Septimus (or Septimius) Arabin was born on 10 November 1785, the fifth of the nine sons of Henry Arabin, a Dublin lawyer, industrialist (part owner of the Corkagh gunpowder mills) and political activist. His mother, Ann Favière Grant, was of Scottish/Huguenot extraction but grew up in Dublin. His paternal great-grandfather John Arabin raised the 57th (West Middlesex) Regiment of Foot at the onset of the Seven Years' War.

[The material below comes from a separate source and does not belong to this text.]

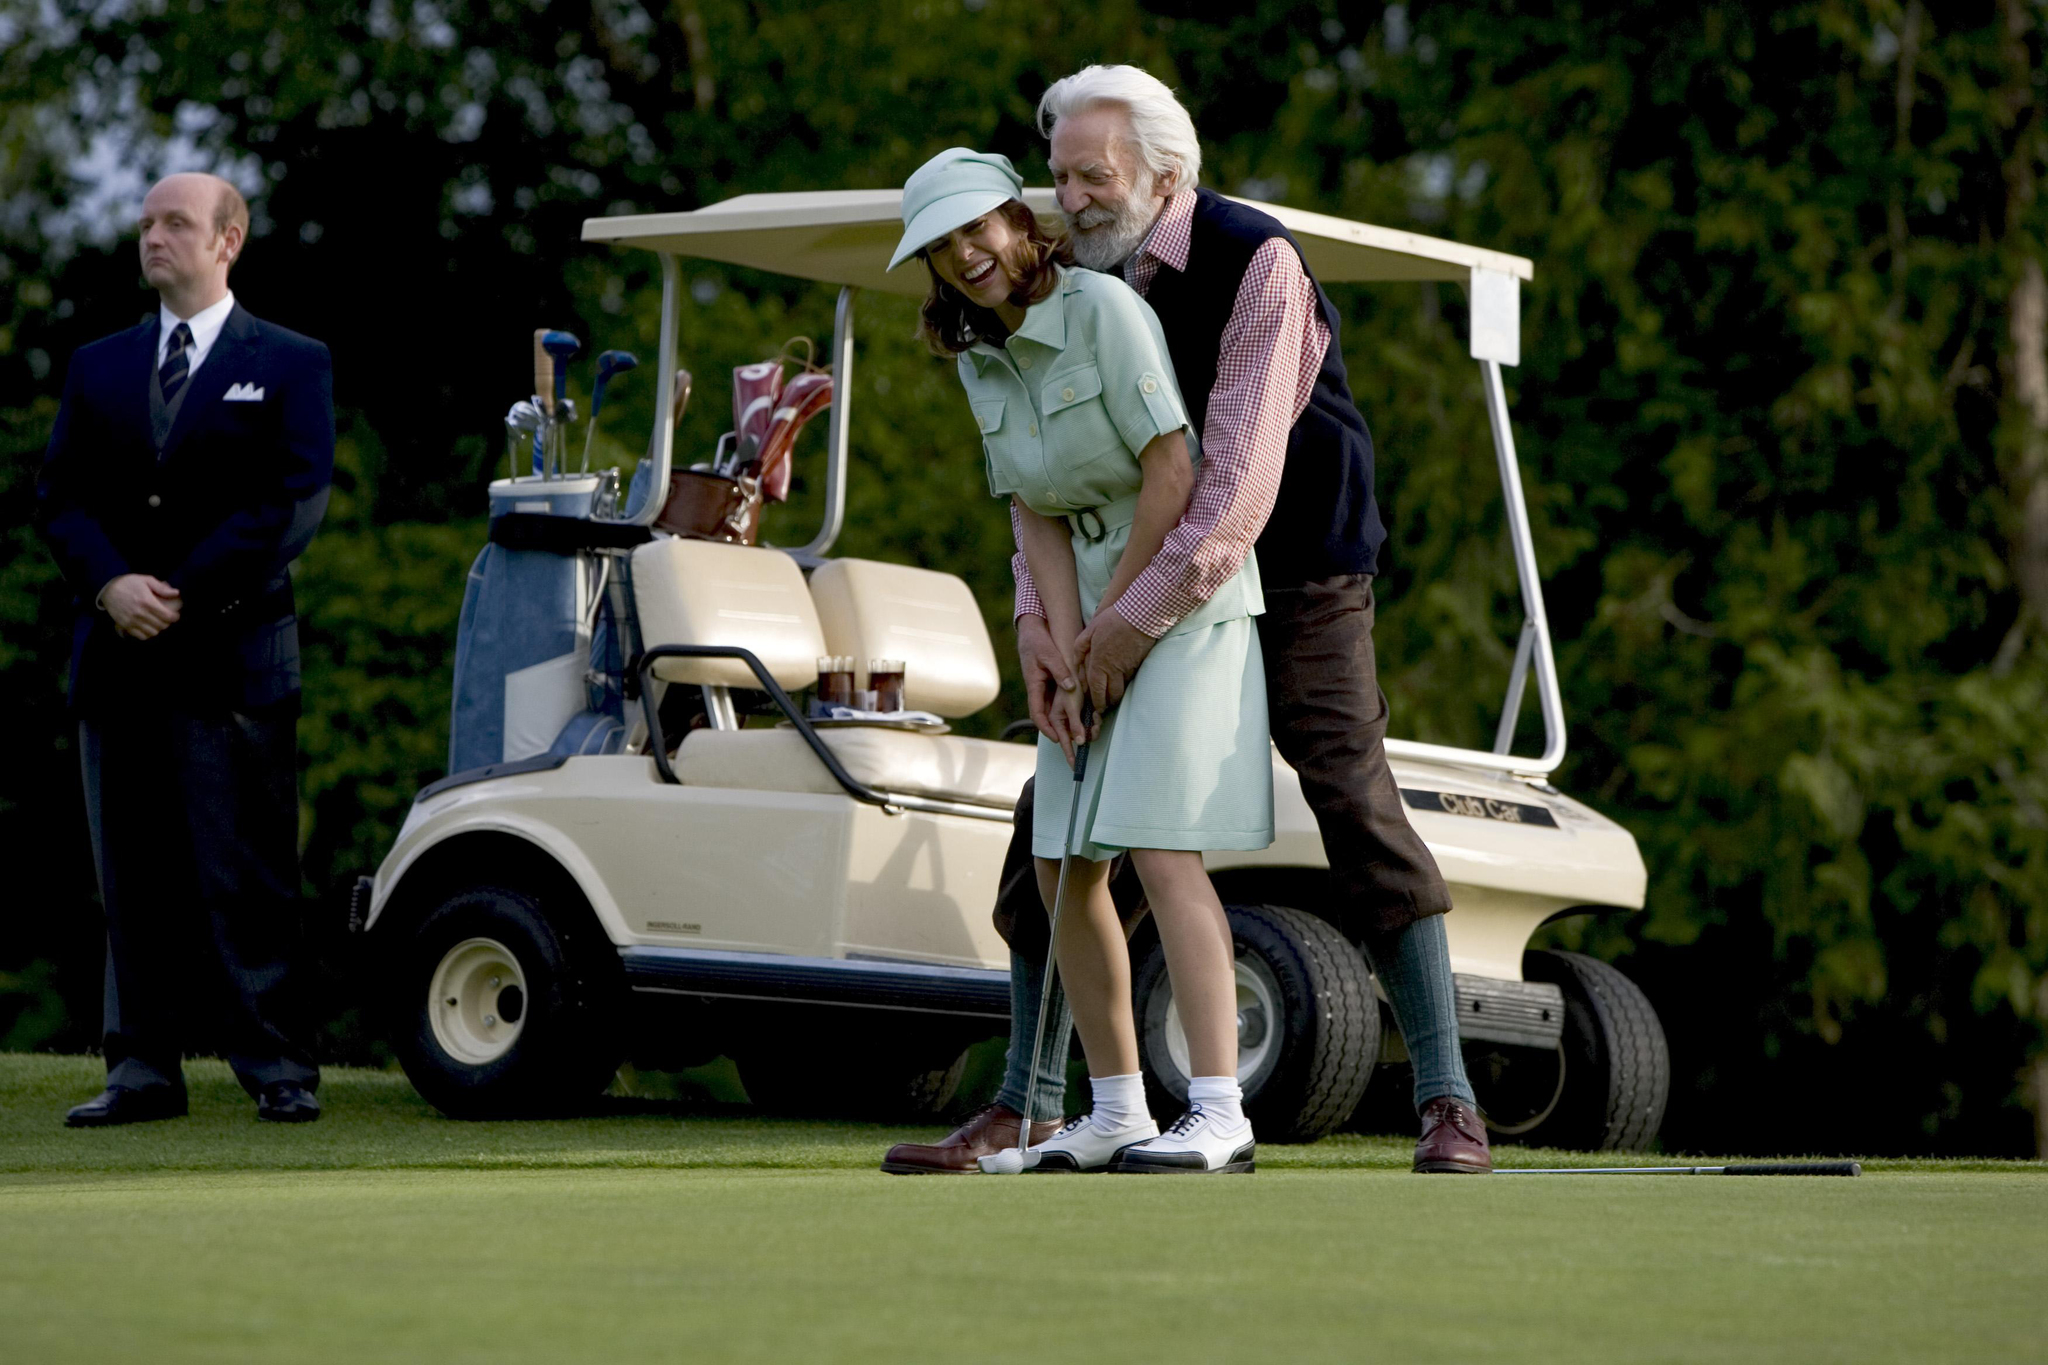 Still of Diane Lane and Donald Sutherland in Fierce People (2005)

While several of his brothers became officers in the British Army, Septimus preferred to join the Royal Navy. In April 1799 he took part in the defence of the city of Acre against the French fleet as part of the Egyptian campaign. He was a cadet officer on the 74-gun HMS Tigre which had been captured from the French in 1795.

In November 1802 he was ranked midshipman and transferred to the newly-launched 50-gun HMS Antelope which was based in the English Channel protecting against the potential French invasion.

In 1805 Arabin passed the Lieutenant's exam. In 1806 he was given the role of master's mate on the 74 gun HMS Pompee and was involved in major attacks on the Turkish fleet in February and March 1807 at the Dardanelles under Captain Richard Dacres. Arabin was promoted to Lieutenant in August 1807.

In August 1807 he transferred to HMS Foudroyant. Eleven days later he took place in a major sea battle: The Second Battle of Copenhagen which turned into a siege which lasted three weeks. In 1808 the Foudroyant spent many months patrolling off the South American coast. Still there in February 1810, Arabin transferred to HMS Theseus and in 1812 to HMS Tremendous, both 74 gun ships, and both based off the English coast.

Late in 1812 he transferred to HMS Hiberia (110 guns and a crew of almost 400) as their Flag Lieutenant. He was promoted to Commander on Hibernia in July 1814, but he was immediately placed on half pay. He remained in this status for 7 years eventually being given command of the sloop HMS Argus in July 1821, serving off Halifax, Nova Scotia with a crew of 120 men. He was promoted to Captain and Commander in March 1823. In December 1825 he got a new (but final) command: the 28 gun HMS North Star.

He retired with the rank of Rear Admiral in October 1846. He moved to the South of France on health grounds and died in Nice in the final days of December 1855.

==Family==

In February 1826 in the chapel of the British Embassy in Paris he married Marie Rumbold (1788-1875) daughter of Sir George Rumbold, 2nd Baronet.